Alright, that’s the 30,000-foot view. But if you’re like me,
you want to peek under the hood and see how we got those numbers. Here’s how
the data was pulled together and what the statistics say.
Data & Scope
I analyzed 493 on-farm nitrogen (N) response trials from the
Iowa Nitrogen Initiative (downloaded from N-FACT). Trials with alfalfa as the
previous crop (n=1) was changed to an unknown crop, to alleviate the
non-replication struggle I was having, and one 2024 Western Region outlier (99
bu/ac yield at 226 lb N/ac; 2.8 lb N/bu) was excluded. Four factors were
available to explain variation: region, year, previous crop, and yield at the
economic optimum N rate (EONR).
That leaves 499 trials left in the dataset that we can use
to try to understand the yield, optimum N rate, and the N-use factor. In the
currently existing dataset, there are four variables that we can use to
understand these factors; they are MLR, year, the previous crop, and the yield
of corn at optimum N rate.
Yield at Optimum N Rate:
We can write a statistical model of:
Using this statistical model, we can describe 22% of the variation in the corn yield at Optimum N. The Region, region x year interaction, and previous crop were all significant (p = 0.0001, 0.0005, & p < 0.0001) respectively.
The previous crop
indicated that corn following soybean averaged 239 ± 4 bu/acre, while corn
following corn averaged 220 ± 5 bu/acre. That 19 bu/ac bump isn’t just nice, it’s
the main reason corn-after-soybean looks more efficient on a per-bushel basis.

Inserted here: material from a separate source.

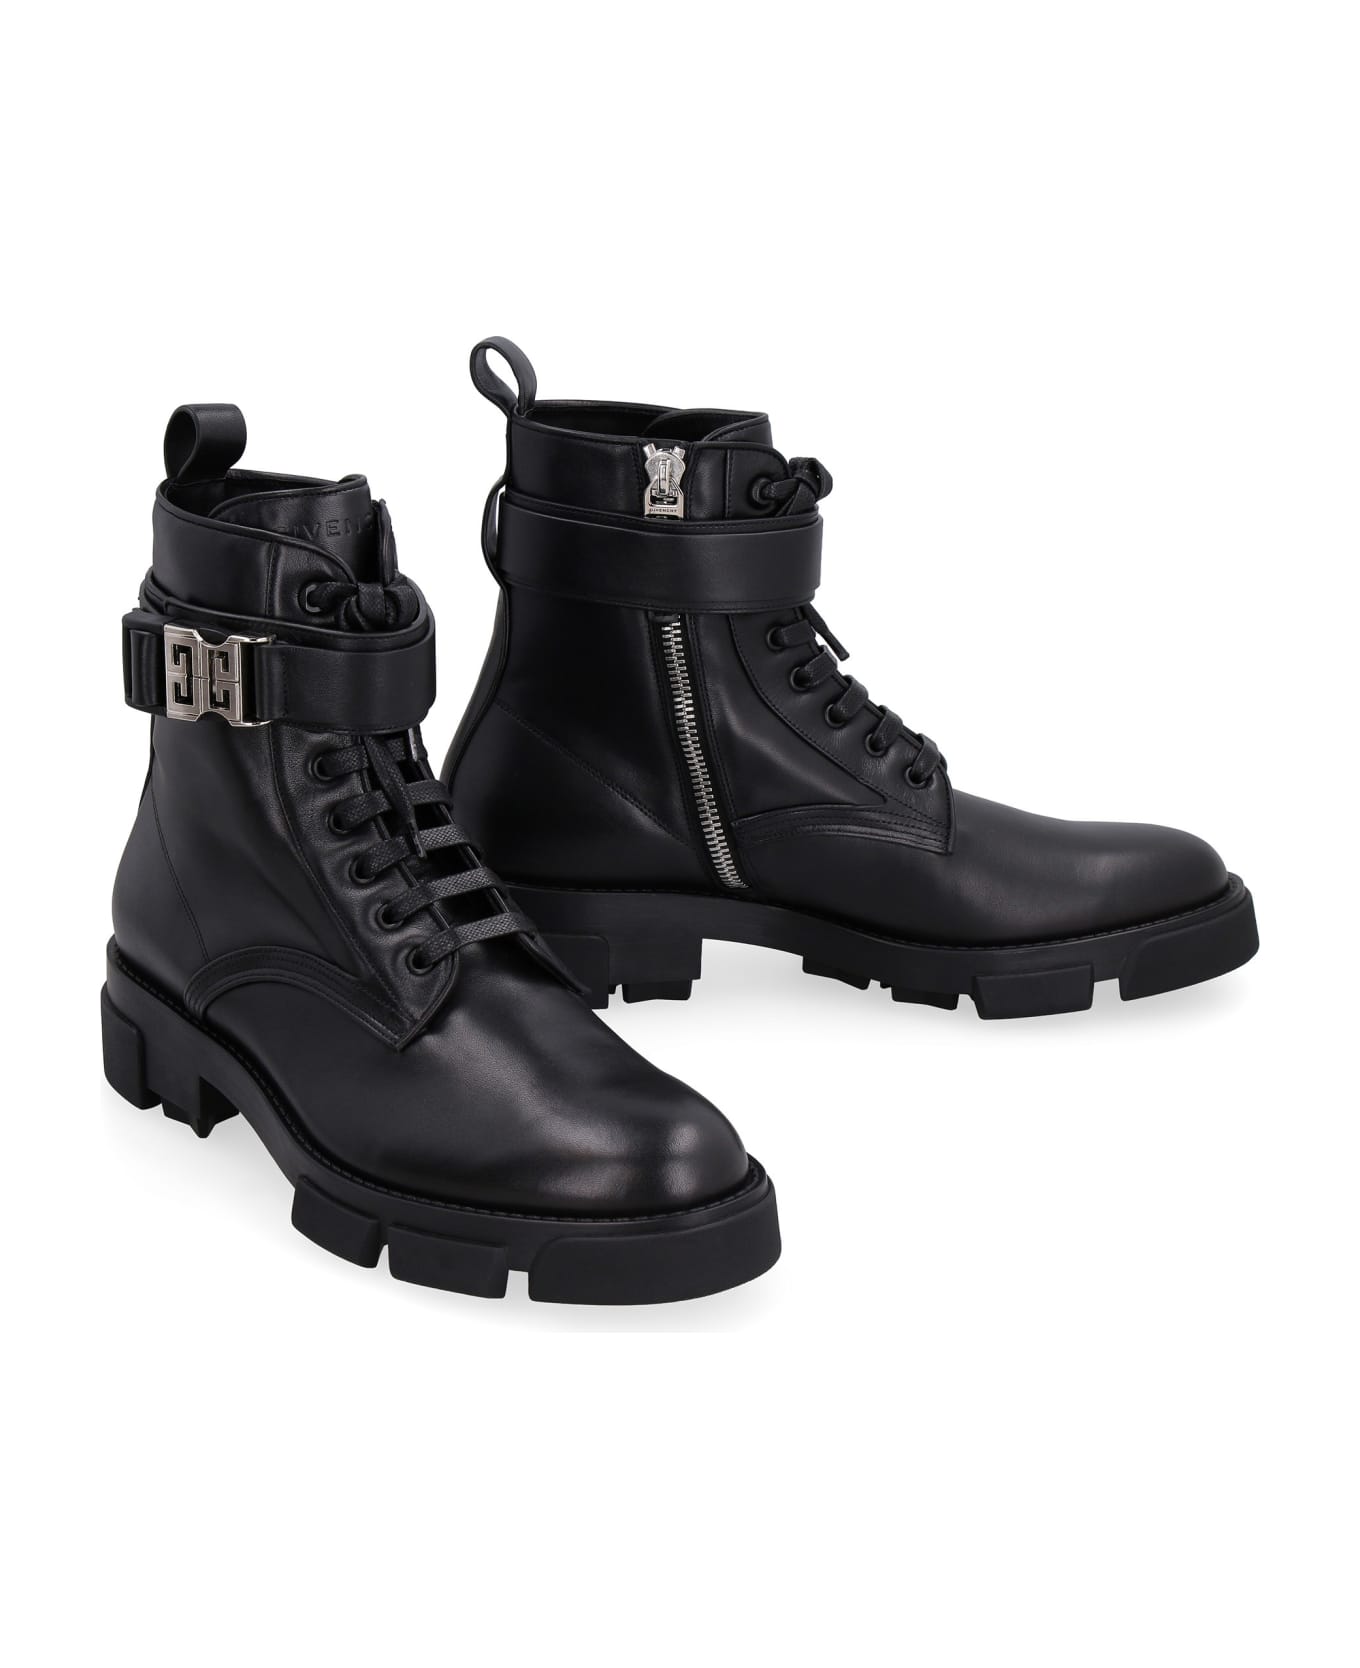 Givenchy Terra Leather Ankle Boots - BLACK ブーツ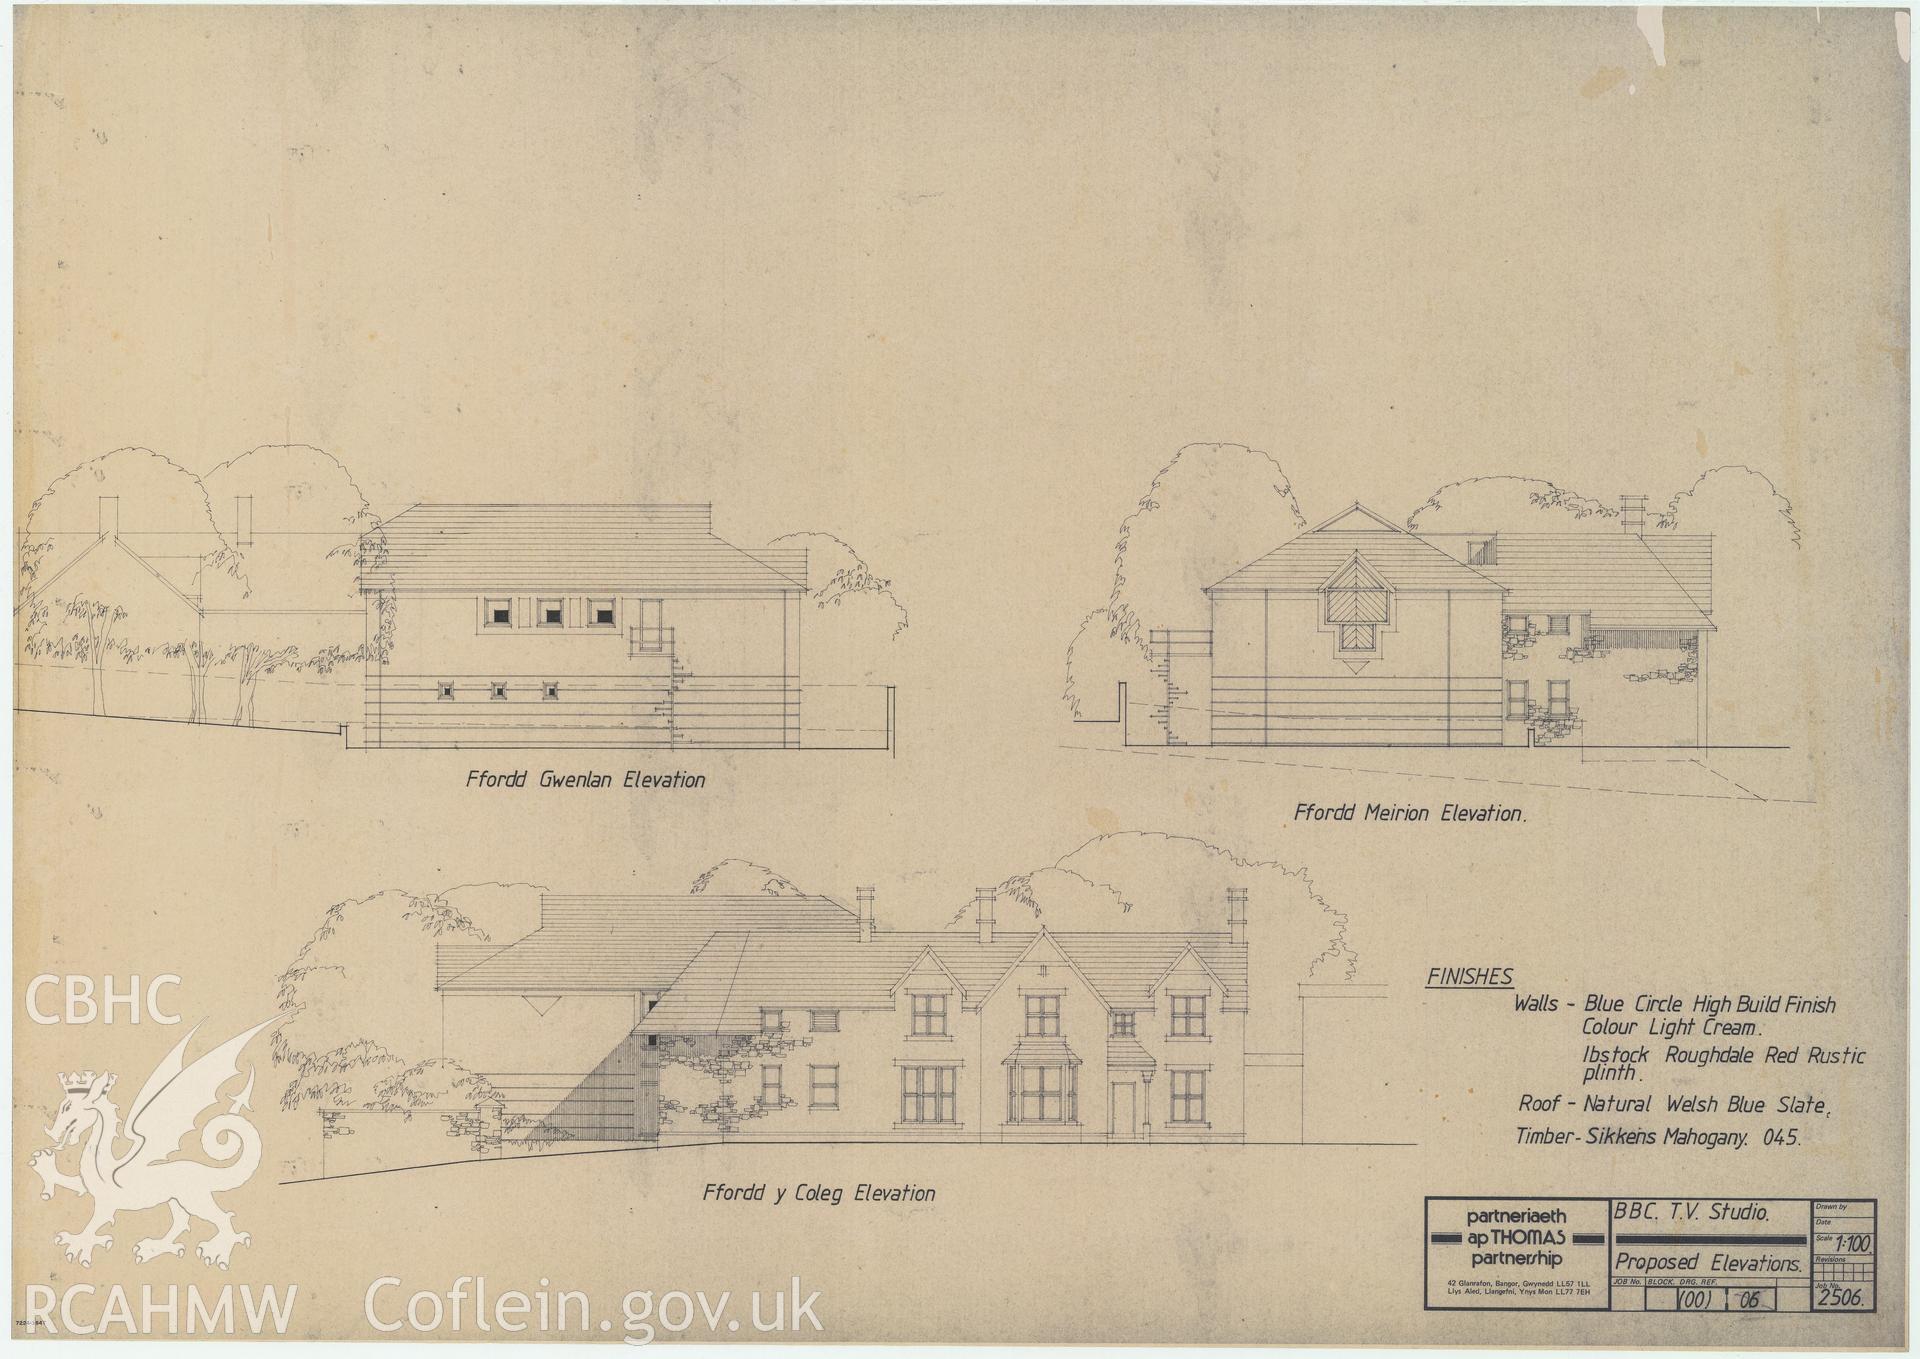 BBC premises, Broadcasting House, Bangor - elevation drawing proposals of Bryn Meirion. Drawing No. (00) 06, July 1988.

It’s yield driving efficiency.
The year x region
interaction was driven by a large yield increase in 2024 relative to 2023 in
the “Illinois and Iowa Deep Loess and Drift” (27 bu/acre) and “Central Iowa and
Minnesota Till Prairies” (14 bu/ac) while other landform regions didn’t change
significantly with time, though the “Northern Mississippi Valley Loess Hills”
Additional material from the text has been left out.